Apaixonado pelo trabalho que o fisgou, João Bosco deixou cada vez mais de lado os ideais da juventude para mergulhar de cabeça no universo das notícias escritas nas barulhentas máquinas Remington e Olivetti. “Fiz comunicação social pensando em fazer cinema e teatro e segui outro caminho. O salário no jornal era muito bom e valia a pena”, disse no podcast “O Megafone”, produzido em 2018 para comemorar os 90 anos do jornal. Estado de Minas.
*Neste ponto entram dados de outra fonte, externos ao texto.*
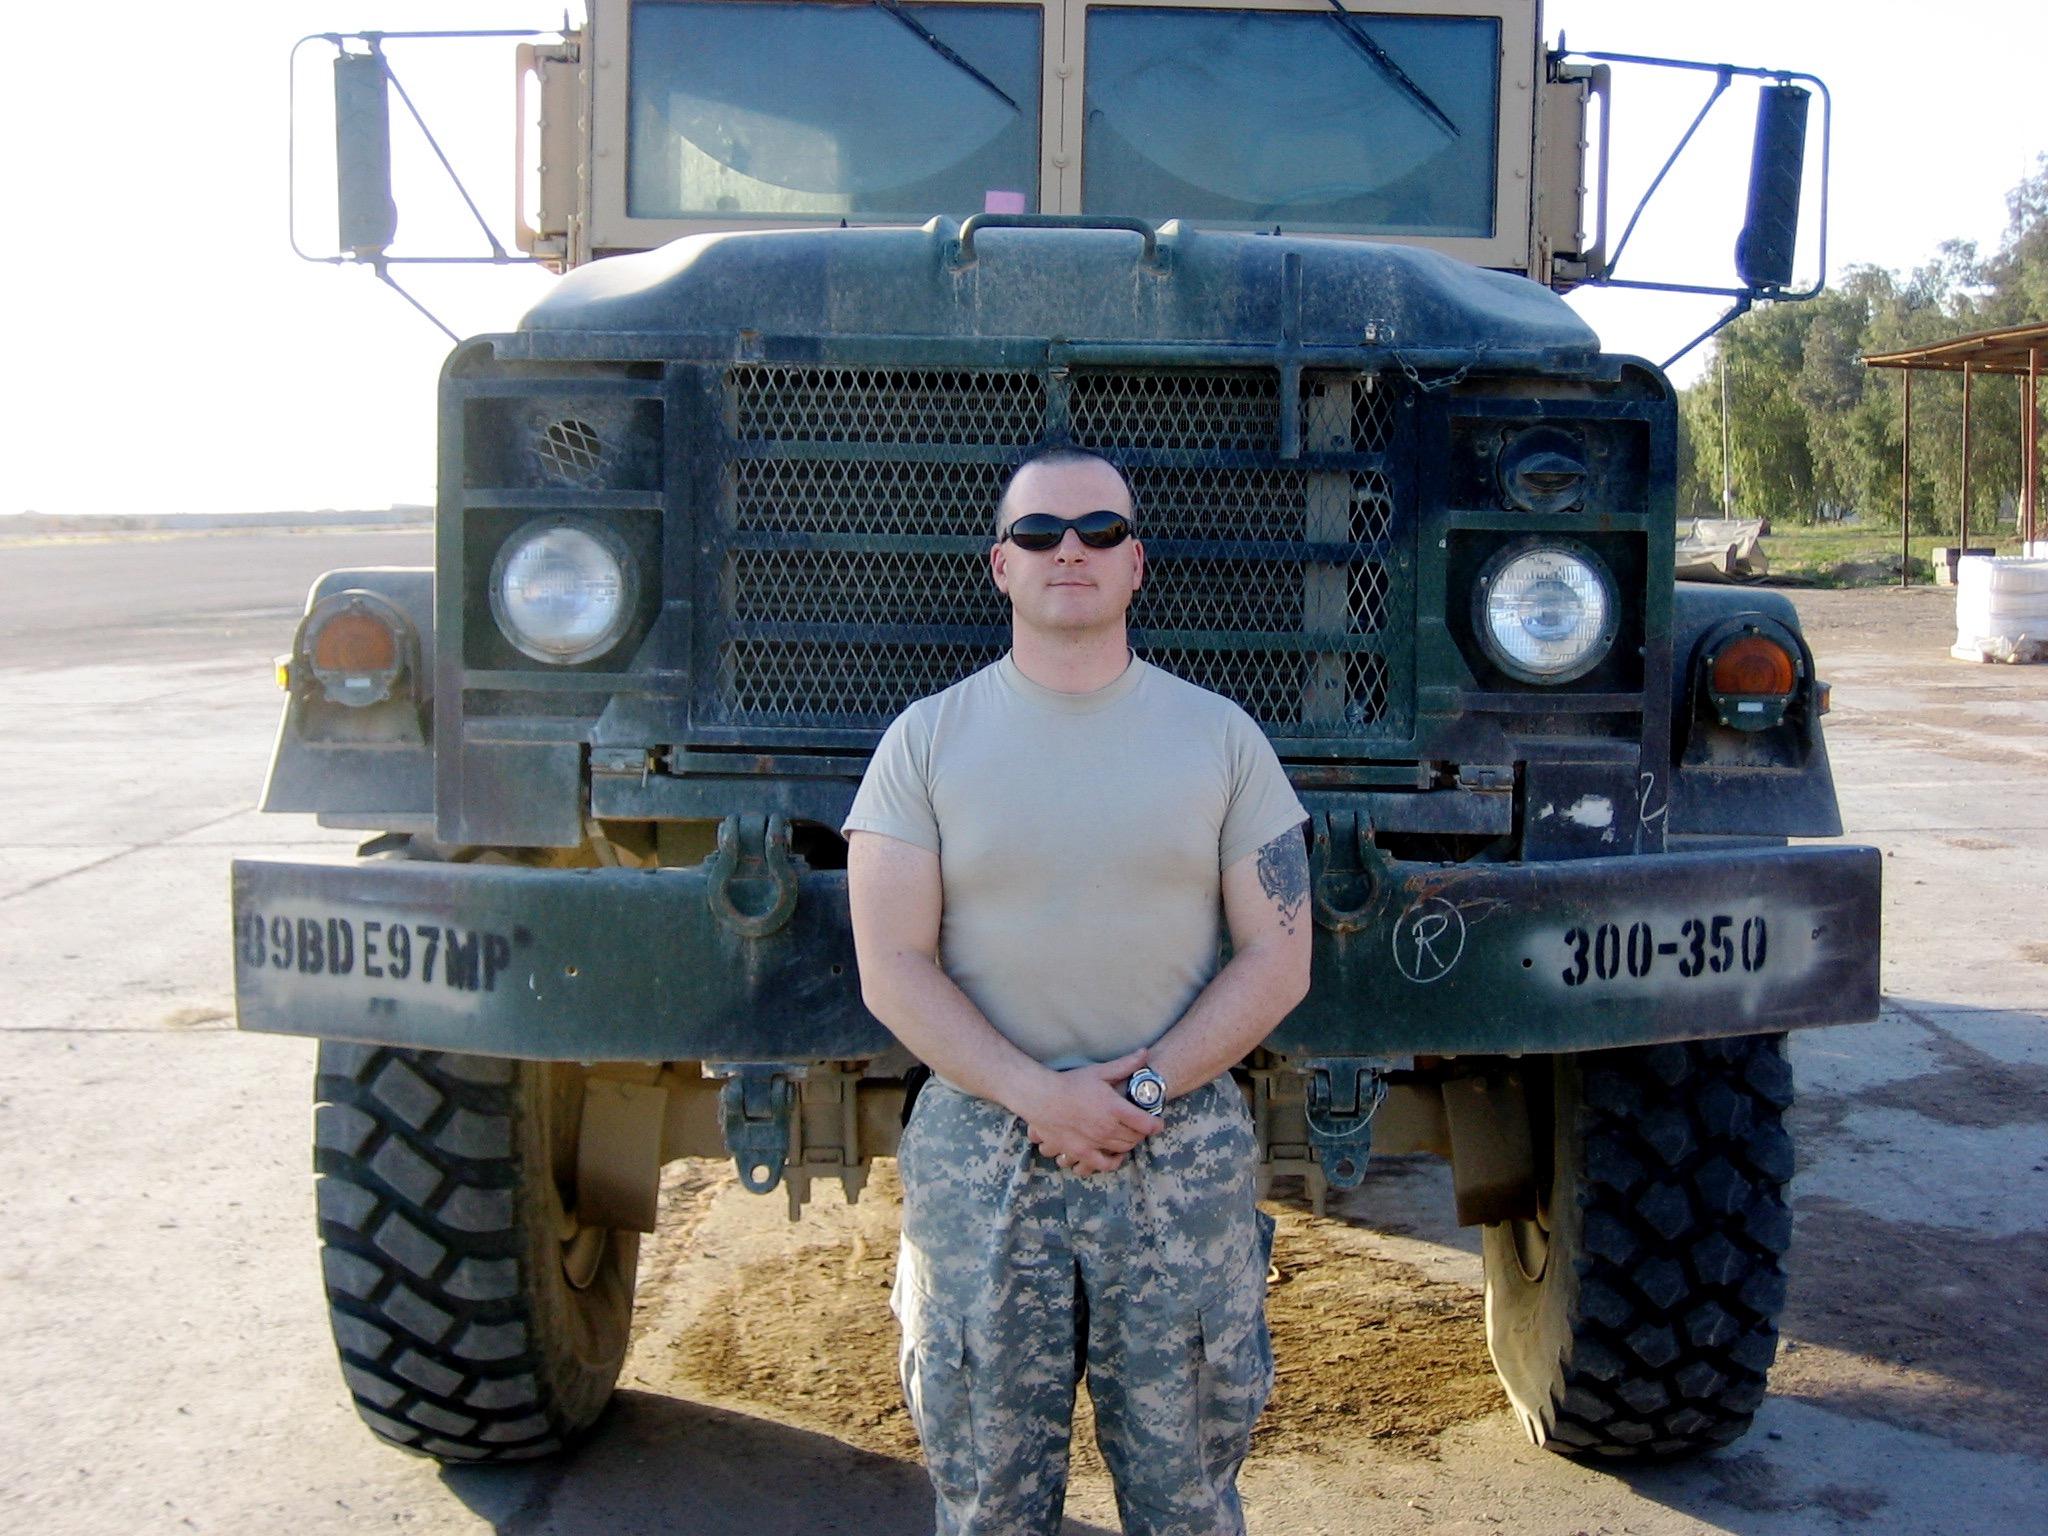 Jim s iraq06 07 pics 169 2 2

A vida no jornal começou em 1976, no antigo prédio da Rua Goiás, no Centro (hoje o EM funciona no Bairro Escritores, na Região Centro-Sul da capital). O jovem estudante trabalhava na clandestinidade, na equipa de revisão, que, como disse uma vez, contava com mais de 40 pessoas, em vários turnos. Quatro anos depois, ele “subiu”, que significa “ir para a redação”, e a partir daí foi uma sucessão de denúncias, denúncias e investigações, que culminou no Prêmio Regional Esso.
Em 1986, João Bosco viajou para a região do Pantanal para assistir à gravação de um programa sobre pesca para a TV Alterosa. Chegando lá, se deparou com denúncias envolvendo “trabalhadores do couro” ou caçadores de jacarés conhecidos pela extrema brutalidade no extermínio desses animais para venda do couro. “Eu disse à redação que tinha uma grande história e fiquei lá sete noites e oito dias.”
No ano anterior, ele havia feito outra reportagem de grande repercussão sobre o escândalo das falsas bolsas, envolvendo parlamentares da Assembleia Legislativa de Minas Gerais e da Câmara Municipal de Belo Horizonte.
Seja um repórter
Ainda em entrevista ao podcast “O Megafone”, João Bosco declarou seu amor pela profissão: “Ser repórter é contribuir com a sociedade, com a cidade, com o estado, com o país, com as pessoas que estão ao nosso lado. O jornalista ainda é um homem público, portanto não pode se deixar corromper, deve guiar-se pela verdade.”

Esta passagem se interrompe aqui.